Our own tools can cause some of these failures and fixations though, especially premature localization to a single factor: “vulnerability to the premature localization error is high when highly interconnected worlds are simplified.”
I know that I’ve fallen into that trap before, trying to represent highly interconnected worlds in a more simplistic way (cough grafana dashboard cough) only to accidentally encourage such a localization by it’s (unintended) users.
Part of the cognitive work of incident response is gathering and integrating evidence about the state of the world. There are several factors that make up these demands:
- How much collection and integration is needed to answer questions that arise about situation assessment.
- The kinds of integration required.
- How the world can change while these processes are happening.
When data is uncertain there are extra steps required to go from looking at or obtaining that data and to answer about the world. Further, some data won’t fit, blind corners, red herrings, etc. will exist.
In this world, there will be actions taken solely to gather diagnostic information (as opposed to action to address the problem directly).

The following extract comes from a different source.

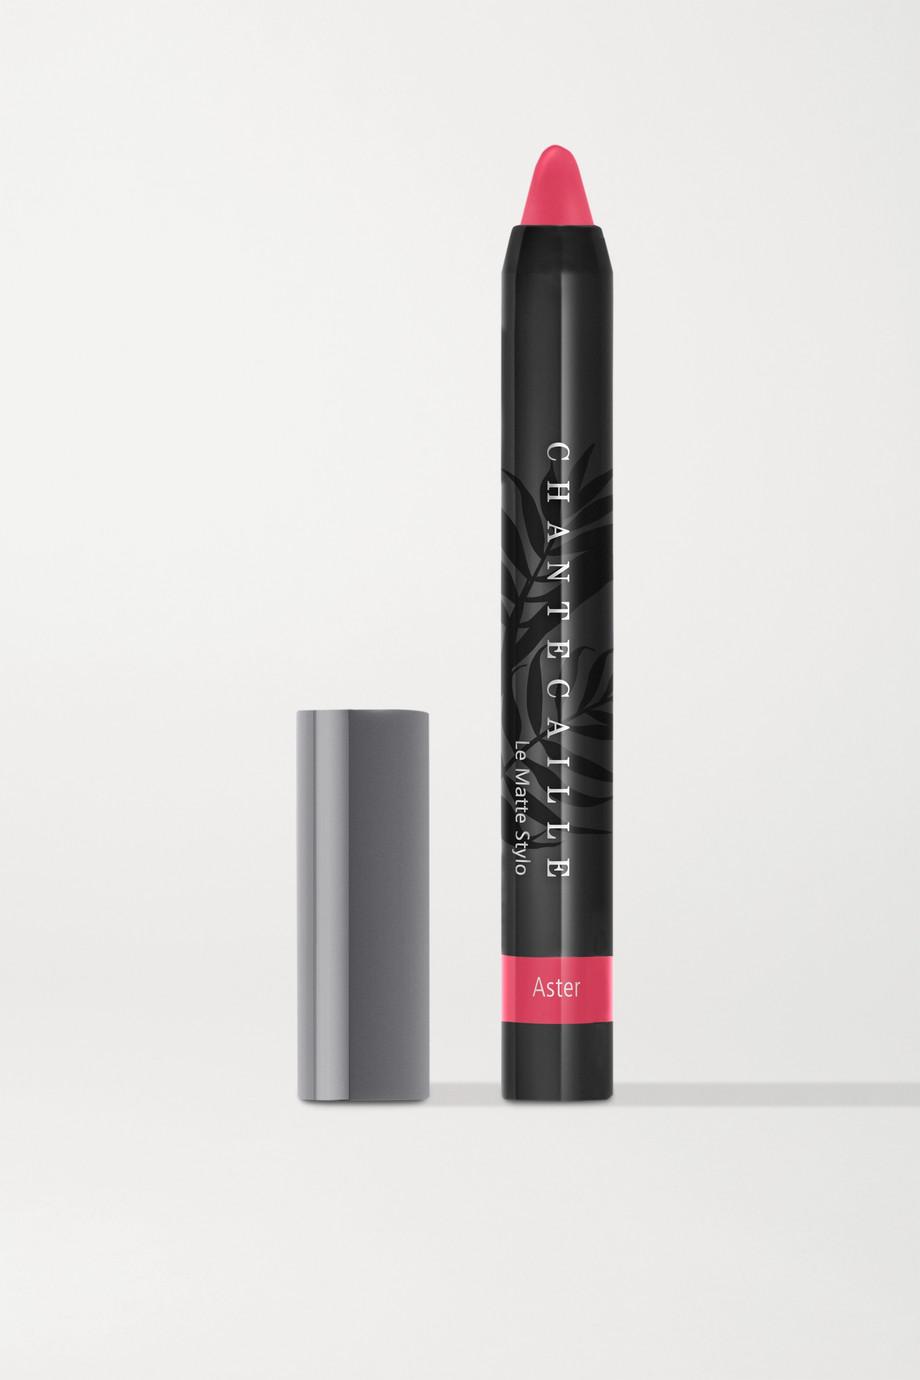 Chantecaille Le Matte Stylo Lip Crayon - Aster

When you combine this with a world that is also dynamic, developing strategies for gathering data becomes even more important. In these cases
When risk is present, decision making gets more difficult as the costs of the different possible outcomes of the decisions must be considered as well.
Of course in our world of software systems, we are almost always going to be fairly high on this dimension. As a result, I won’t say much about this here, but it’s important to know how it affects decision making.
Thinking about the worlds that we face (and create) along these lines can helps be aware of the challenges and pitfalls that can occur. They can all affect what a good strategy might look like and can help us decide what a good supporting tool (or a harmful one) can look like.
We can also use this language and point of view to further discuss and design strategies and tools beyond worlds being “simple” or “complex.”
“Analyses of this kind contribute to the development of a cognitive language of description of problem solving situations and strategies.”
- Knowing what cognitive challenges that responders can face allows better design and analysis of support tools.
- Problem solving worlds can be measured along four dimensions:
- number of parts
- “Simple” worlds are low on all four dimensions, are whereas complex worlds are high on all four.
- Though we can rank a problem solving world along these four dimensions and talk about them separately, they can be interrelated.